Wouldn't that be Unitarian Universalists?

We do more of changing theological distinctiveness to match our own.


----------



## matt01 (Apr 19, 2009)

Ivan said:


> churches that use those spindly lecterns and music stands. Not me. We're considering whether to refurbish our pulpit or get a new one.
> 
> It WILL be a PULPIT!



Some of the best preaching (God glorifying...)that we ever sat under was from a pastor preaching behind a music stand.


----------



## Pergamum (Apr 20, 2009)

PB TOGA PARTY!!!






TOGA

TOGA


TOGA

TOGA



And go powder your wigs as well!


----------



## Ivan (Apr 20, 2009)

sans nom said:


> Ivan said:
> 
> 
> > churches that use those spindly lecterns and music stands. Not me. We're considering whether to refurbish our pulpit or get a new one.
> ...



Indeed, but at least it's not one of those fiberglass things!


----------



## Pergamum (Apr 20, 2009)

Even better than a pulpit would be a raised pulpit so that you can preach DOWN on the people....the brimstone can literally be raining down on their heads!......

...and if they sleep, you can throw stuff at'em!


----------



## Skyler (Apr 20, 2009)

> ...and if they sleep, you can throw stuff at'em!



I've heard that a bullhorn is more effective. When you see people sleeping, you take out the bullhorn and address them by name.

They will never sleep in your church again. Someone else's maybe, but not yours.


----------



## DonP (Apr 20, 2009)

Pergamum said:


> Even better than a pulpit would be a raised pulpit so that you can preach DOWN on the people....the brimstone can literally be raining down on their heads!......
> 
> ...and if they sleep, you can throw stuff at'em!
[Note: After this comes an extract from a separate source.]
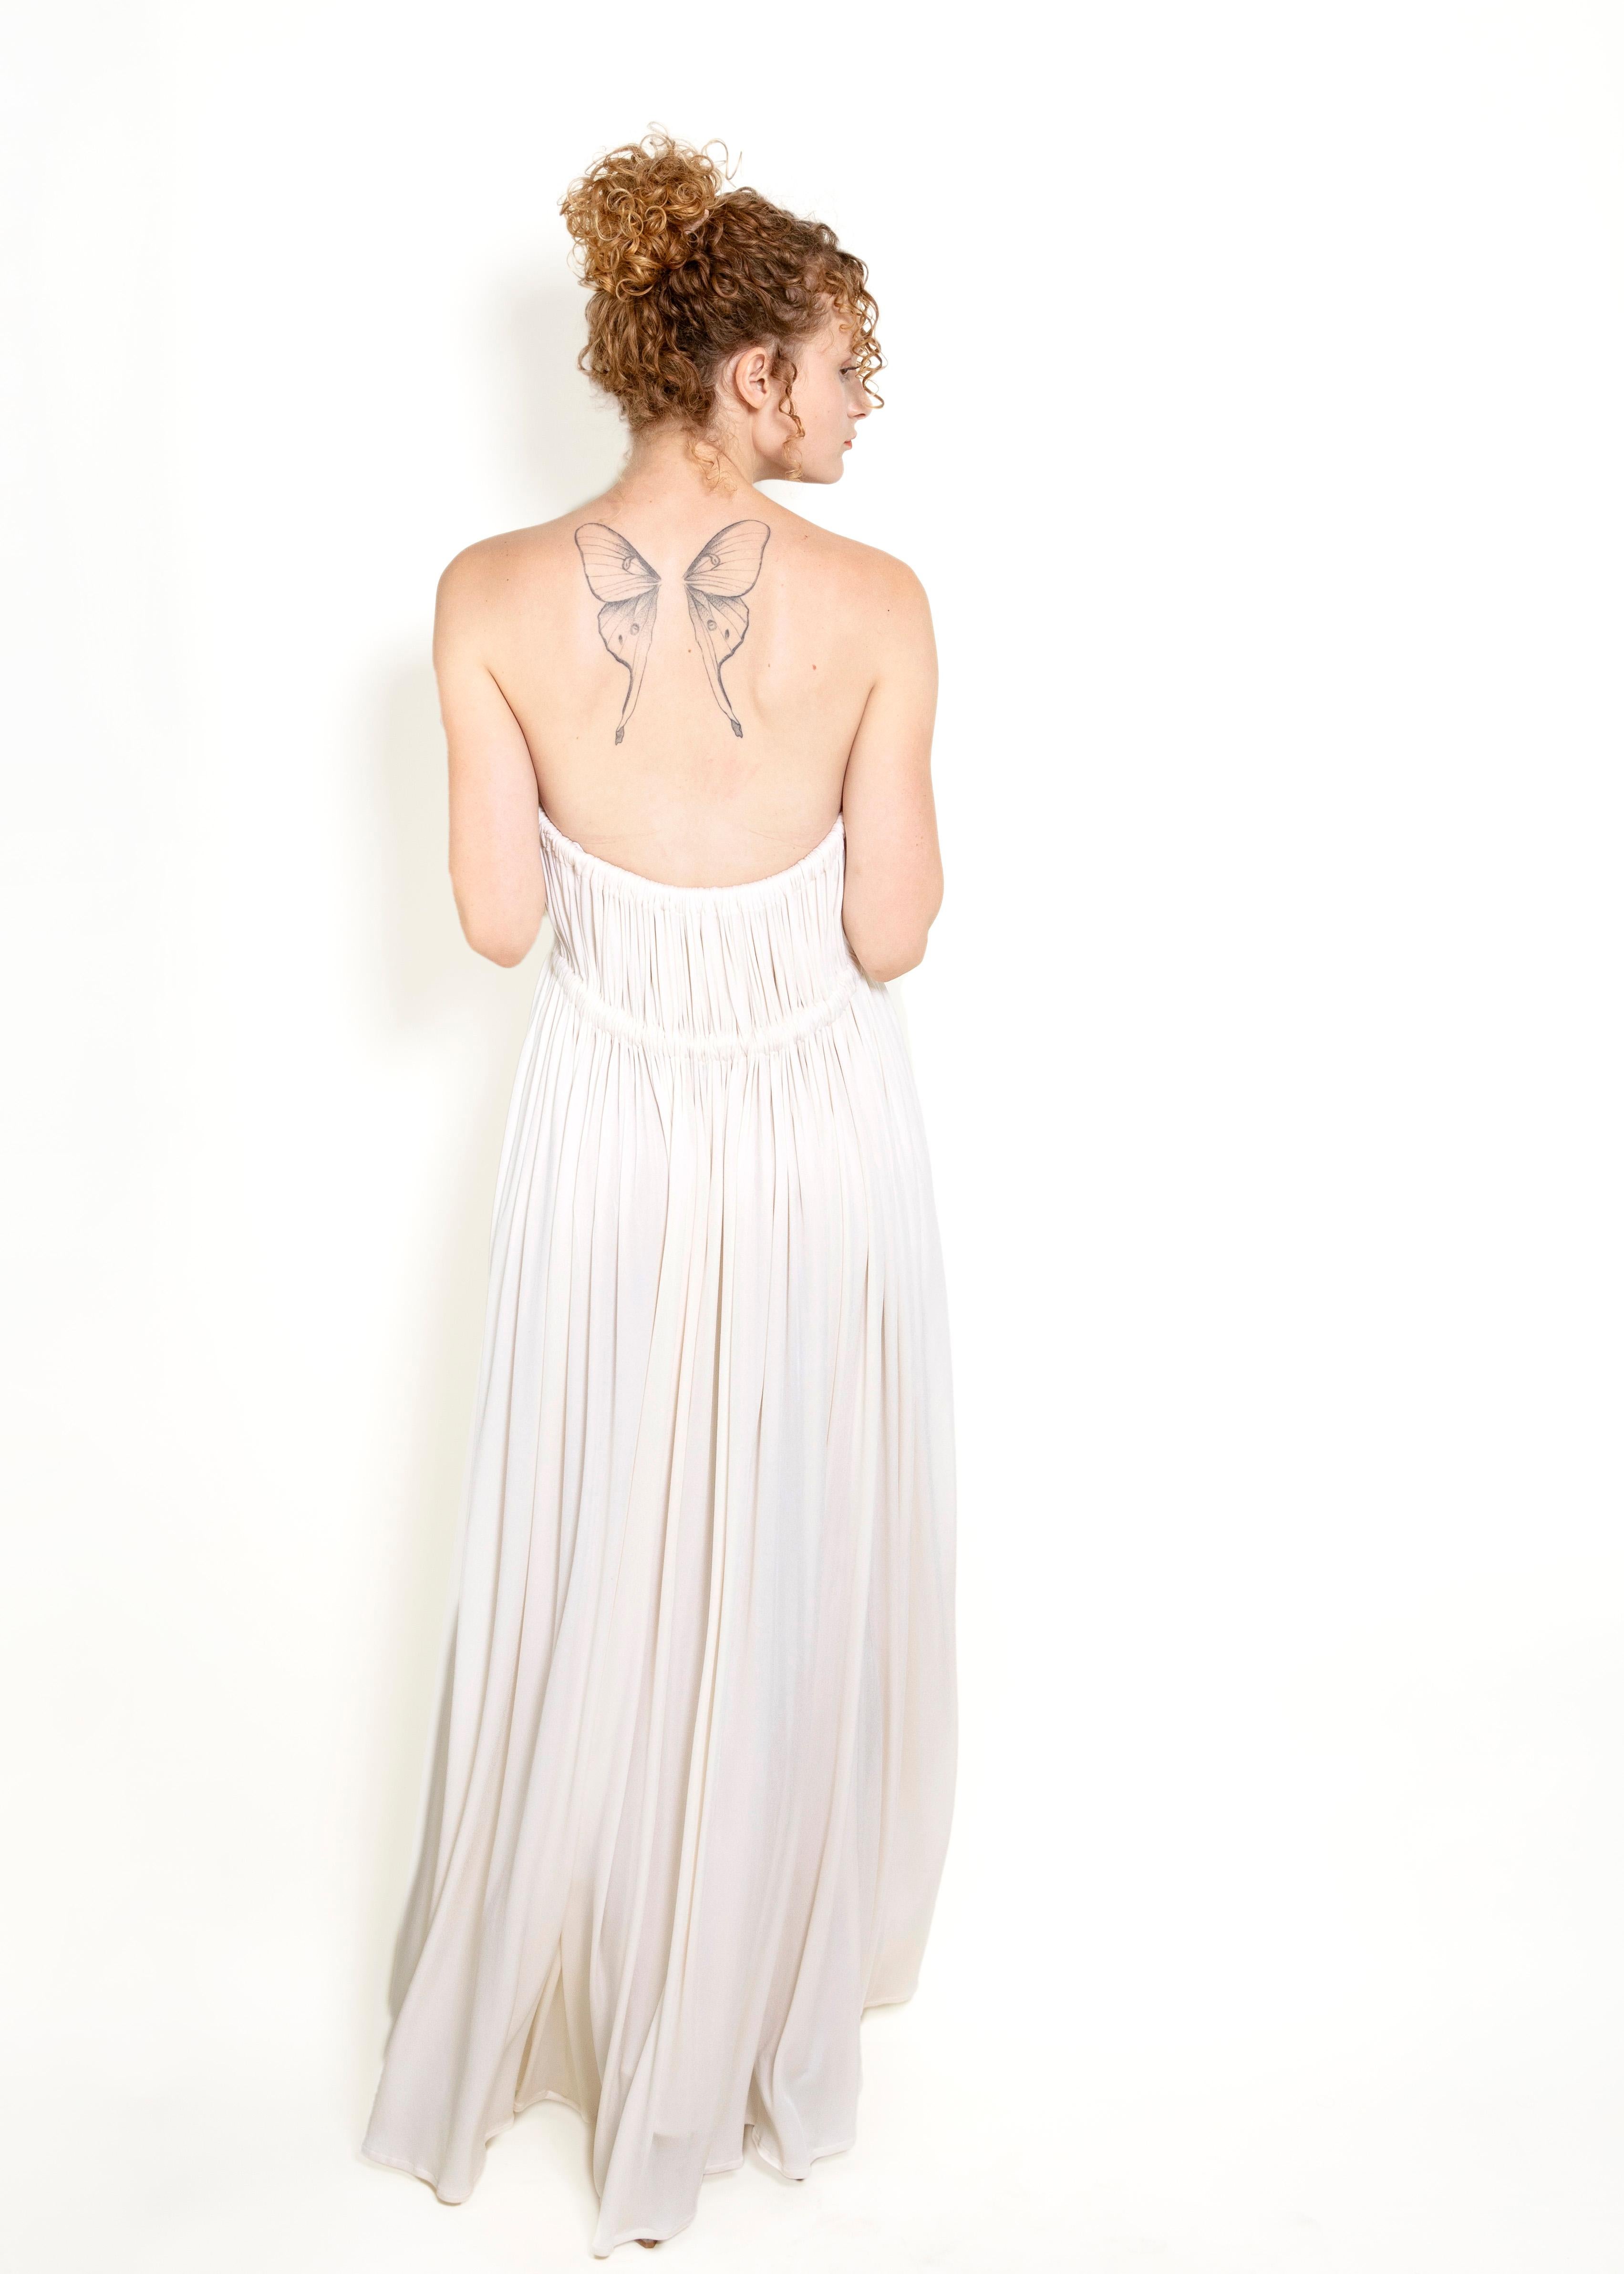 Geoffrey Beene White Grecian Style Strapless Dress 1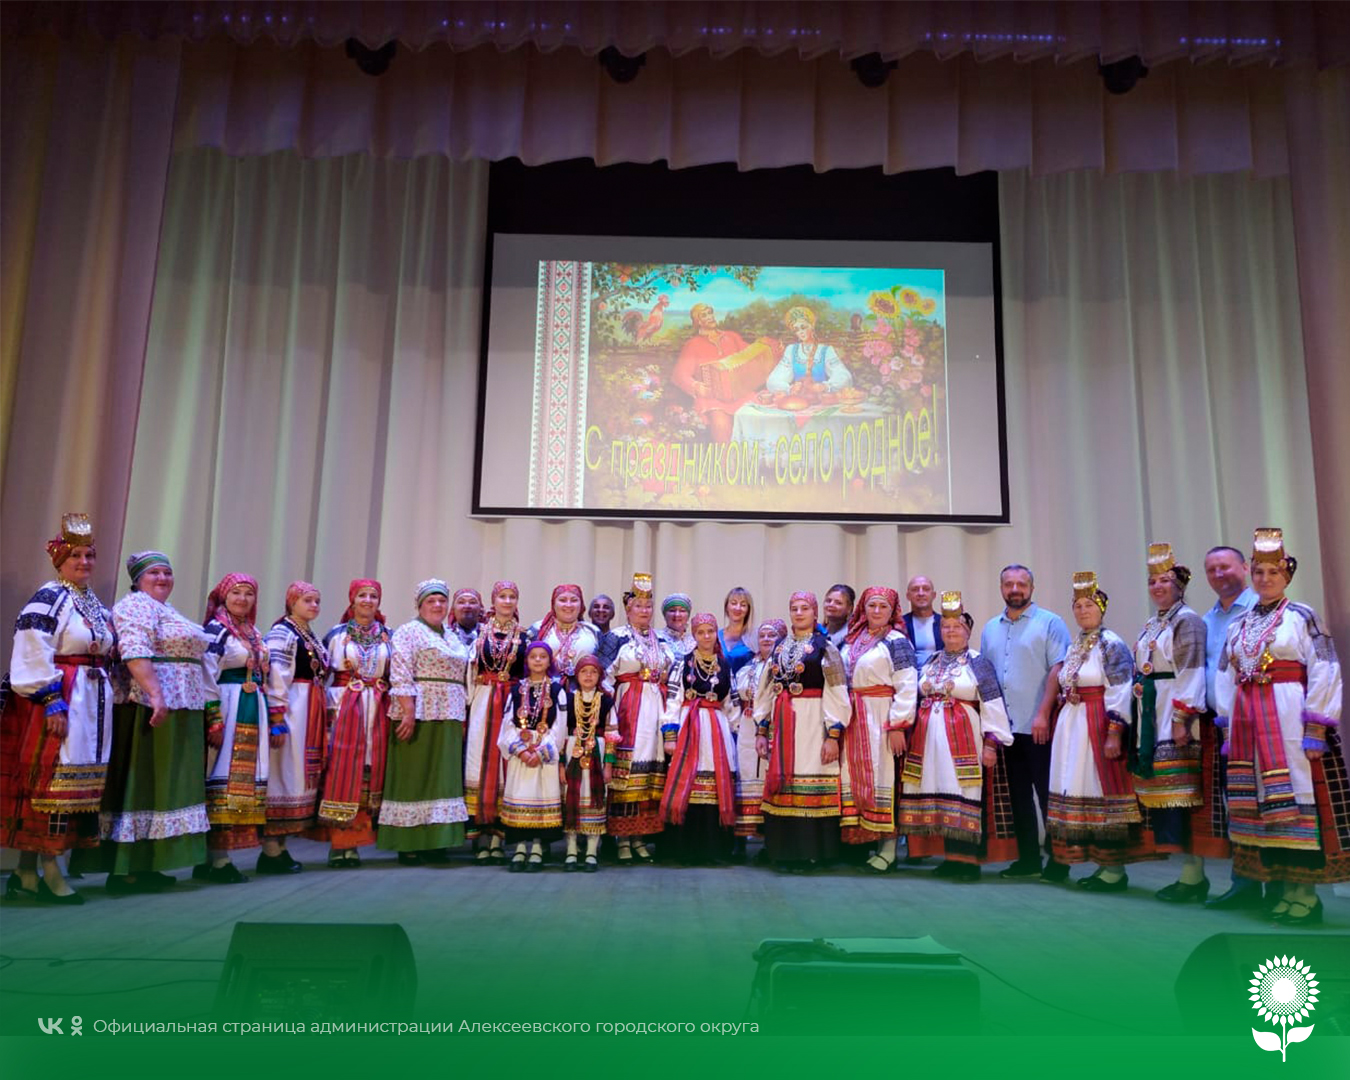 На прошедших выходных состоялся традиционный праздник День села Афанасьевка – «Пою тебе, сторонке звонкой!».

Silly, you can't throw stuff at people when you are wearing a gown 

Its so the word of God is elevated in the eyes of the people. 

The sacraments should be on the next level down, then the people lower. 

I forget what chapter this is in, must be in the reformed talmud somewhere. 

But the scripture does say 
1 Cor 14:40 Let all things be done decently and in order. 
NKJV


----------



## pepper (Apr 21, 2009)

Did Paul ever refuse to preach because he did not have the right pulpit?


----------